The options for treating fungal infections are more limited than those for treating bacterial infections. Amphotericin B has been used for decades to control serious fungal infections, but it exhibits significant nephrotoxicity. Fluconazole has been approved with a high safety profile to treat local and systemic infections, but recent reports point out that the clinical successes of these drugs are declining against yeast, particularly against Candida infection [1].Candida albicans is the leading cause of severe Candida infections, and fluconazole-resistant C. albicansis more prevalent than previously believed [2]. The mechanism of azole resistance is due to reduced intracellular accumulation caused by overexpression of drug efflux pumps Mdr1p and Cdr1p/Cdr2p, as well as the presence of ERG11 point mutations [3]. The annual incidence of Candida infections is estimated at 1.56 million, with 0.99 million deaths [4]. These estimates pose a threat to the antifungal drugs that are currently on the market.
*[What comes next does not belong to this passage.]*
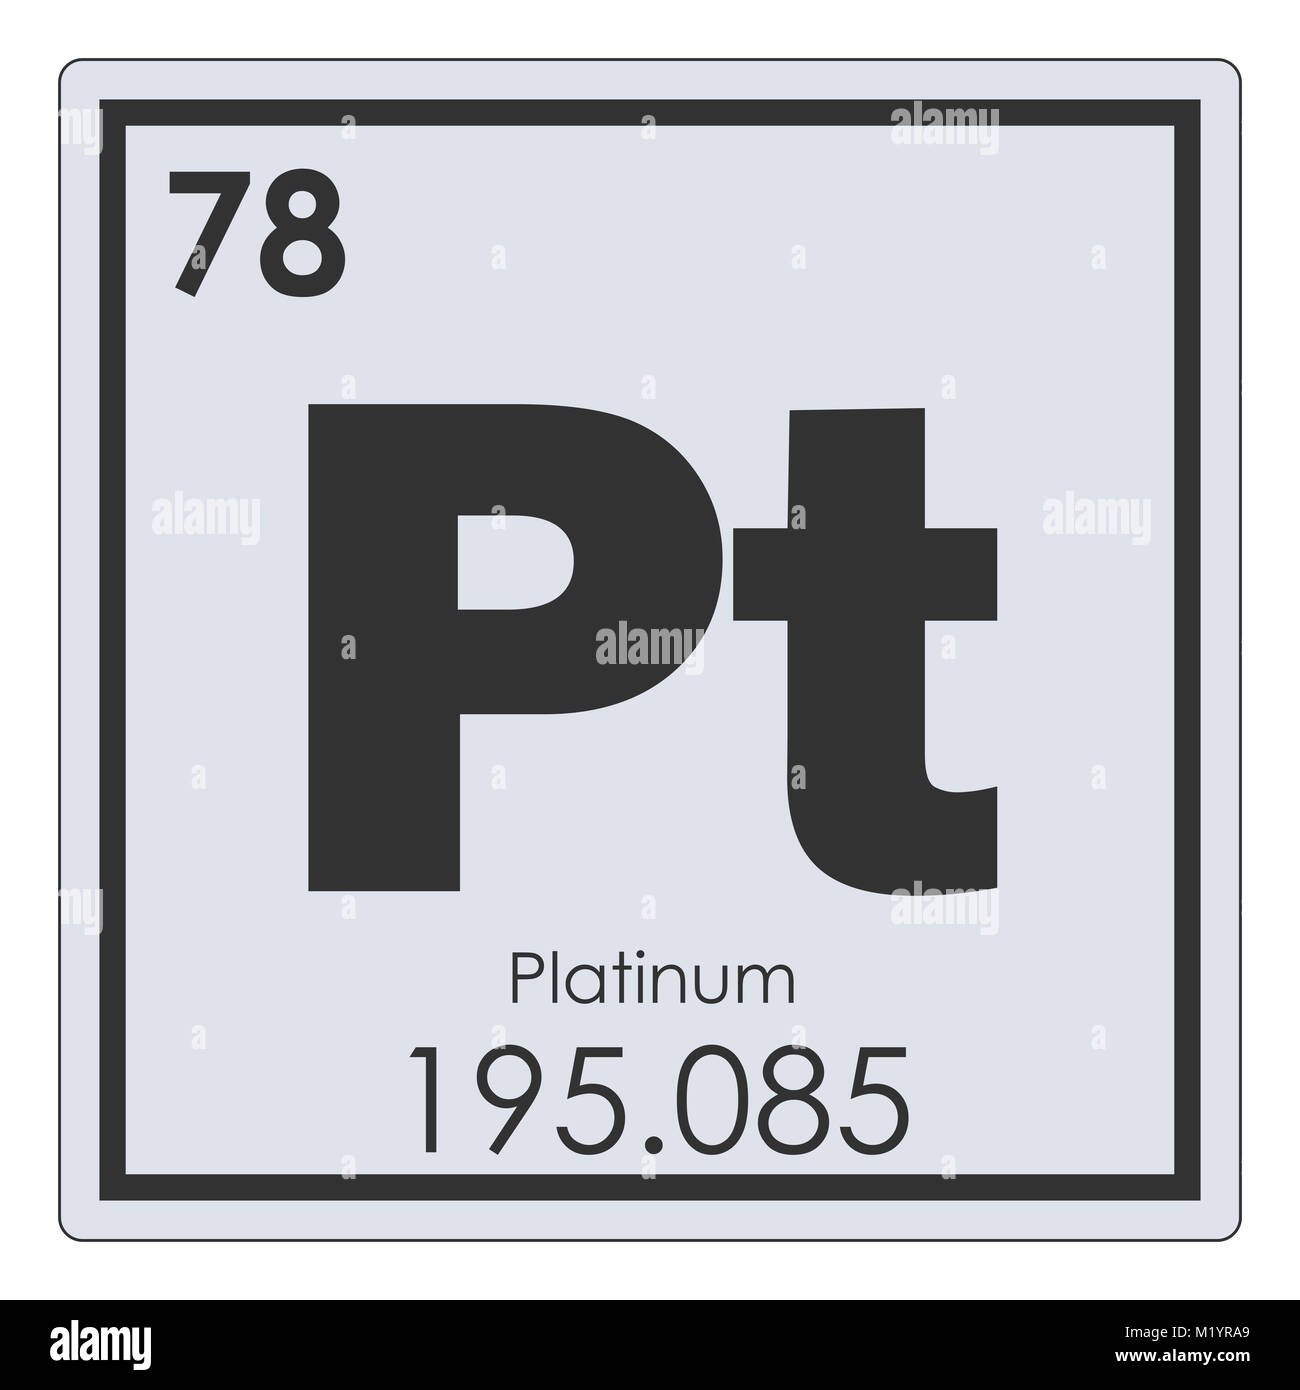 Platin chemische Element Periodensystem Wissenschaft Symbol Stockfotografie  - Alamy

The development of potent antifungals is significantly hampered by the fact that fungal cells resemble human cells more than those of other microorganisms, including bacteria [5]. Molecules toxic to fungi are probably toxic to humans, thus, an integrated strategy in antifungal design is essential to combat emerging resistant microorganisms.

Self-assembling amphiphiles have been used to mimic biological systems, such as protein and lipid assembly, and their self-assembly enables them to carry out highly specific cellular functions [6]. Hence, amphiphiles have found a wide range of applications, including the food industry, cosmetics, pharmacy, drug delivery, gene therapy, tissue engineering, and so forth [7]. For example, a hydrogel scaffold made of polymers with an amphiphilic network has been shown to be effective against drug-resistant bacteria and can be used to manage clinical wounds [8]., [9]., [10].. Among the amphiphiles, cationic amphiphiles (CA) have been effective in targeting the negative surface charges of bacterial membranes [11]. Barman et al. have shown that positional isomerization of isoamphipathic compounds has a greater impact on antibacterial activity and toxicity [12]. De et al. found that an amphiphile with two cationic head groups and two tails separated by a distinct hydrophobic spacer had low hematotoxicity but strong antibacterial activity against methicillin-resistant Staphylococcus aureus and Acinetobacter baumannii[13]. Park et al. demonstrated that amphiphiles with lower logP values and a higher hydrophilic-lipophilic balance are easier to incorporate into bacterial cell membranes and display bacteriostatic and/or bactericidal effects [14]. Riahifard et al. showed that cyclic peptides exhibit higher antimicrobial activity than their linear counterparts [15]. The hydrophobicity, main-chain flexibility, and structure of ionenes have been found to influence their hemocompatibility and antibacterial activity [16]. Yuan et al. showed that the antimicrobial activity of ammonium-imidazolium oligomers was influenced by their structural components, such as hydrophobicity, number of charged units, linkers, and ending groups [17]. The findings in the field clearly suggest that the structure of CA has a decisive influence on its activity and biocompatibility. In this context, we synthesized a series of cationic amphiphiles from 2-morpholinoethanol (MEtOH) and evaluated the influence of hydrophilic-lipophilic balance (HLB) in combating C. albicans.

Morpholine and its derivatives have been reported with a number of pharmacological properties, including antifungal, anthelmintic, and bactericidal activity, as well as being identified as a key structural component in the antibacterial drug Linezolid [18]. Wang et al. demonstrated corrosion inhibition and preliminary antibacterial activity from the monomer 4-dodecyl-4-(3-hydroxypropyl)morpholin-4-ium and its Gemini surfactant [19]. The coatings prepared with N-substituted morpholine amine incorporated block polymer showed promising antifouling properties [20]. Quaternary ammonium salts formed by N-alkylation of N-methyl morpholine demonstrated alkyl chain length-dependent antibacterial action against S. aureus, with molecules with long alkyl chains exhibiting high bactericidal activity but being heavily toxic to Artemia salina [21]. Although the morpholine group has shown great promise as a chemical structure for the development of new antimicrobials, its toxicity must be considered during the design process. In this study, we used 2-morpholinoethanol, which has a polar side chain unlikeN-methylmorpholine, and N-alkylated it using alkylbromide to form cationic N-alkylated MEtOH (NAMEtOH). The influence of N-alkyl chain length on NAMEtOH self-assembly was studied using fluorimetry to determine the critical micellar concentration (CMC). The optimal N-alkylation of MEtOH for anticandida activity without damaging mammalian cells was reported by assessing the minimal inhibitory concentration (MIC). Further, the hemolytic concentration (HC) and the mechanism of action against C. albicans were described. The findings reveal that the N18MEtOH is hemocompatible yet effective in damaging C. albicans membranes and inducing ROS accumulation to kill the cells.